The first thing we need to get working is the controller for the SGTL5000 audio codec as this is what allows us to have an audio input and output. To get started with the component, let's look at an example that is included from the library for the good old tone sweep synthesizer. This is just about as simple an example as you are likely to find:

#include <Audio.h>

AudioSynthToneSweep sweep;
AudioOutputI2S      i2s;

AudioConnection c1(sweep, 0, i2s, 0);
AudioConnection c2(sweep, 0, i2s, 1);

AudioControlSGTL5000 codec;

void setup(void)
{
  AudioMemory(2);

  codec.enable();
  codec.volume(0.5);

  sweep.play(0.8, 10, 22000, 10);
}

void loop(void)
{
}

Let's concentrate on just the SGTL5000 controller. It has two functions, enable() and volume(float). So we'll want to make sure that our header parsing code gets at least these two functions. We'll define that as success and any additional API that we pull out is just a bonus.

I wrote the simplest parser I could manage that did the job. Perhaps you could simplify it even more, dear reader! Check it out:

//
//  HppParser.swift
//  
//
//  Created by Dr. Brandon Wiley on 4/13/23.
//

import Foundation

import Text

public class HppParser: Parser
{
    public required init()
    {
    }

    public func findImports(_ source: String) throws -> [String]
    {
        let regex = try Regex("#include [<\"][A-Za-z0-9]+[>\"]")
        return source.ranges(of: regex).map
        {
            range in

            let substring = source[range].split(separator: " ")[1]
            return String(substring)
        }
    }

    public func findClassName(_ sourceURL: URL, _ source: String) throws -> String
    {
        let text = Text(fromUTF8String: source)

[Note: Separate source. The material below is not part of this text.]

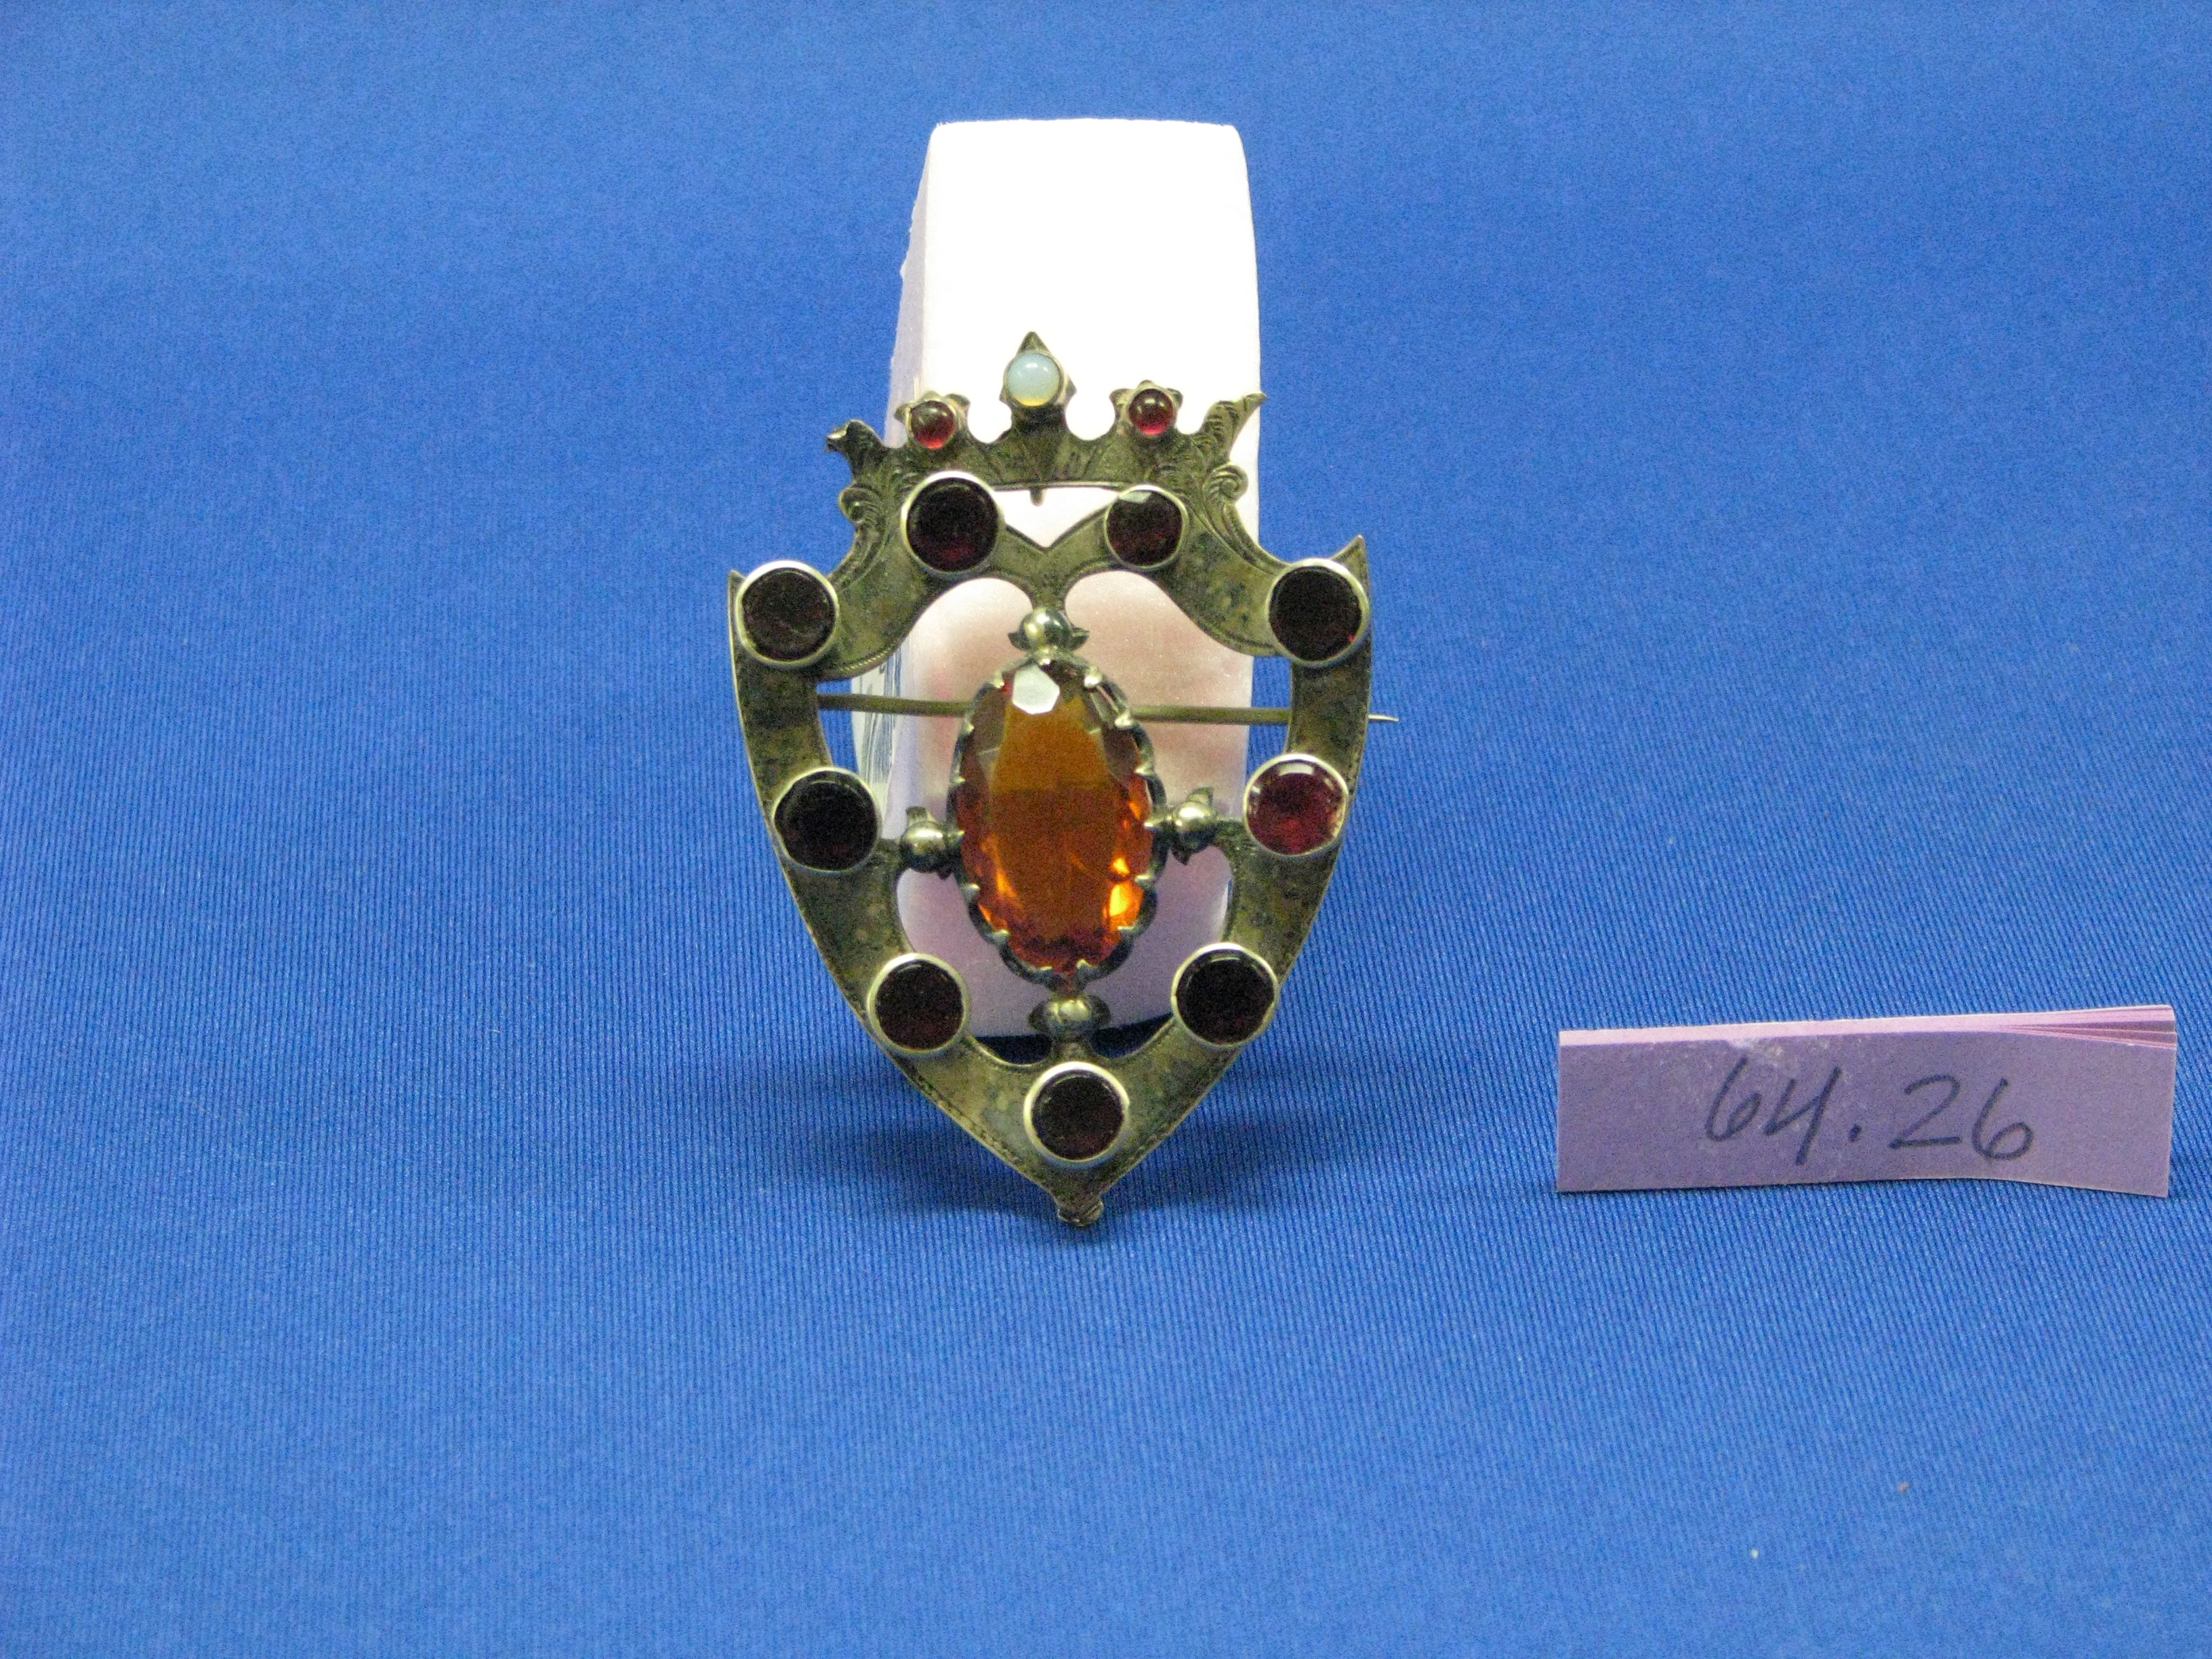 a%209%20gemmed%20Luckenbooth%20brooch%20with%20a%20topaz%20gem%20in%20the%20middle

        let classLine = try text.substringRegex(try Regex("class [A-Za-z0-9]+"))
        let (_, className) = try classLine.splitOn(" ") // Discard the "class " part
        return className.toUTF8String()
    }

    public func findFunctions(_ source: String) throws -> [Function]
    {
        let mtext = MutableText(fromUTF8String: source)

        try mtext.becomeSplitOnTail("public:") // We want only the part after "public:"
        try? mtext.becomeSplitOnHead("private:") // If there is a private: section, trim it off.
        try? mtext.becomeSplitOnHead("protected:") // If there is a protected: section, trim it off.

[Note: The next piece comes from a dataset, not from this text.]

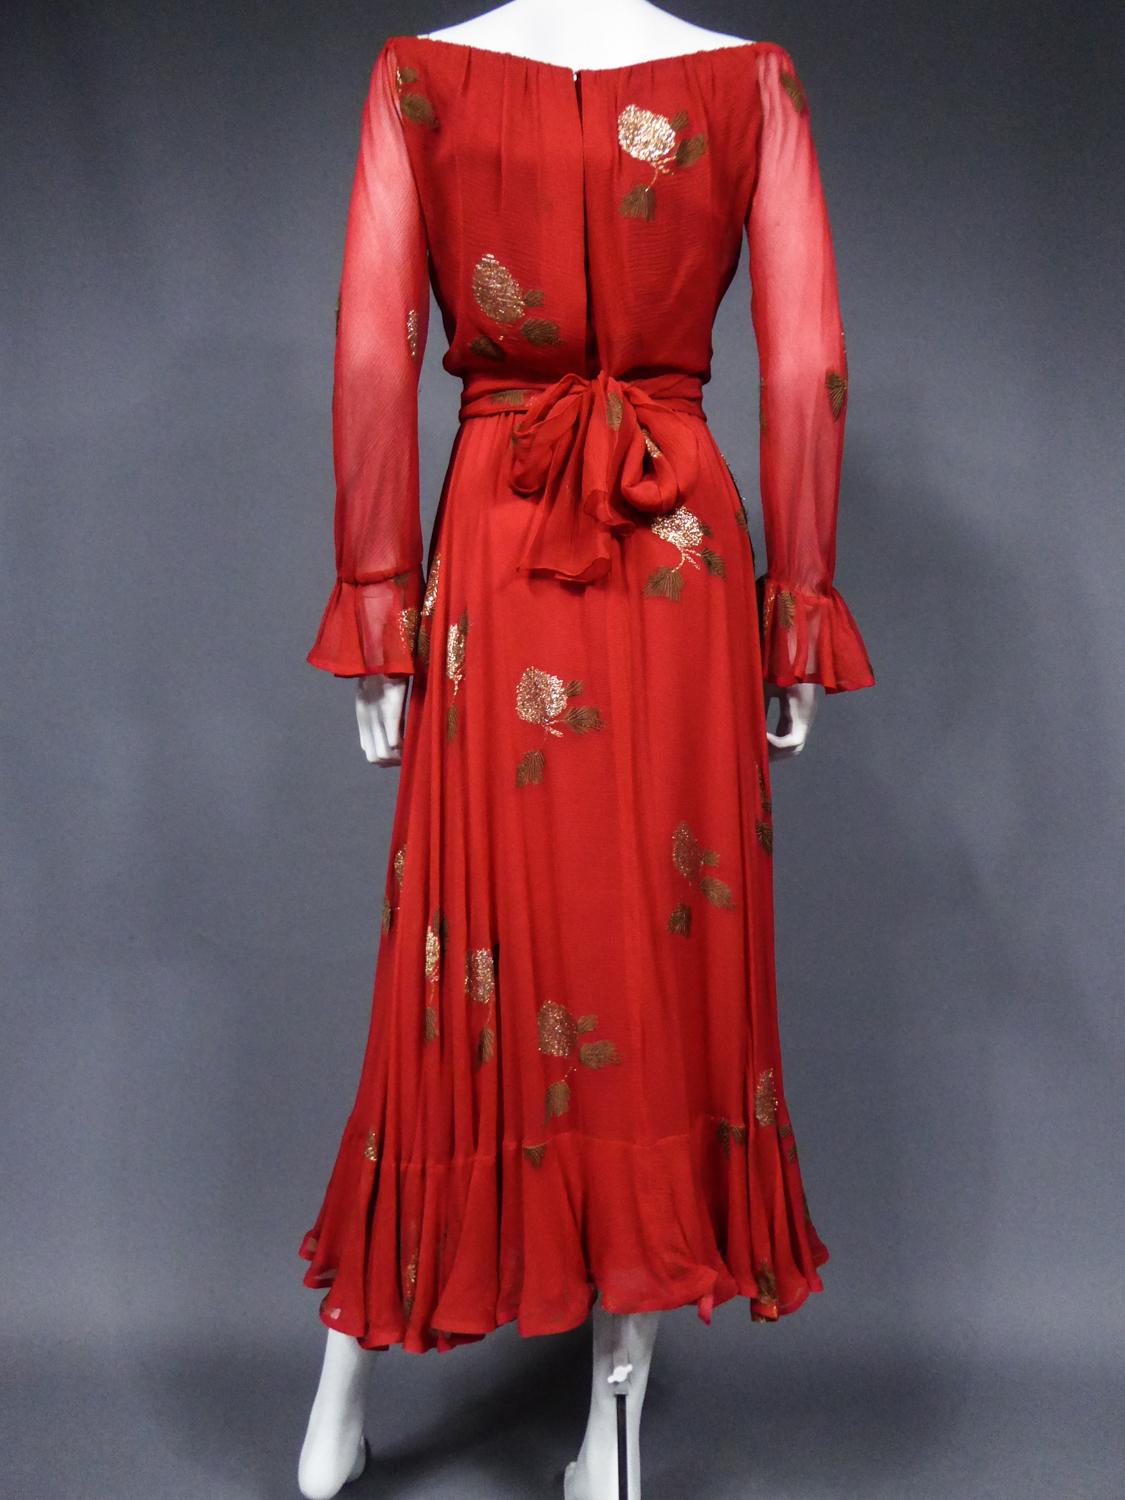 A Jean Patou French Couture Dress Numbered 98427 in Lamé Crepe Collection 1974 For Sale 4

        let publicSource: Text = mtext.toText()

        let regex = try Regex("^[ \\t]*[A-Za-z0-9_ ]+ [A-Za-z0-9_]+\\(.+\\)[ \\t]*[;{](//.*)?$")
        let lines = publicSource.split("\n")
        let goodLines = lines.filter
        {
            line in

            line.containsRegex(regex)
        }

        let functions: [Function] = goodLines.compactMap
        {
            functionText in

            if functionText.containsSubstring("__attribute__")
            {
                // Not actually a functiony
                return nil
            }

            if functionText.containsSubstring("*")
            {
                // No pointers allowed
                return nil
            }

            do
            {
                let name = try self.findFunctionName(functionText)
                let parameters = try self.findParameters(functionText)
                let returnType = try self.findFunctionReturnType(functionText)
                return Function(name: name, parameters: parameters, returnType: returnType, throwing: false)
            }
            catch
            {
                return nil
            }
        }

        var seenEnums: Set<String> = Set<String>()
        let uniqueFunctions: [Function] = functions.filter
        {
            function in

            let enumName = function.name.capitalized
            let seen = seenEnums.contains(enumName)
            seenEnums.insert(enumName)
            return !seen
        }

        return uniqueFunctions
    }

    func findFunctionName(_ function: Text) throws -> String
    {
        let mtext: MutableText = MutableText(fromText: function)
        try mtext.becomeSplitOnHead("(") // Left of the (
        try mtext.becomeSplitOnLastTail(" ") // Right of the space
        return mtext.toUTF8String()
    }

    func findParameters(_ function: Text) throws -> [FunctionParameter]
    {
        let mtext: MutableText = MutableText(fromText: function)
        try mtext.becomeSplitOnTail("(") // Right of the (
        try mtext.becomeSplitOnHead(")") // Left of the )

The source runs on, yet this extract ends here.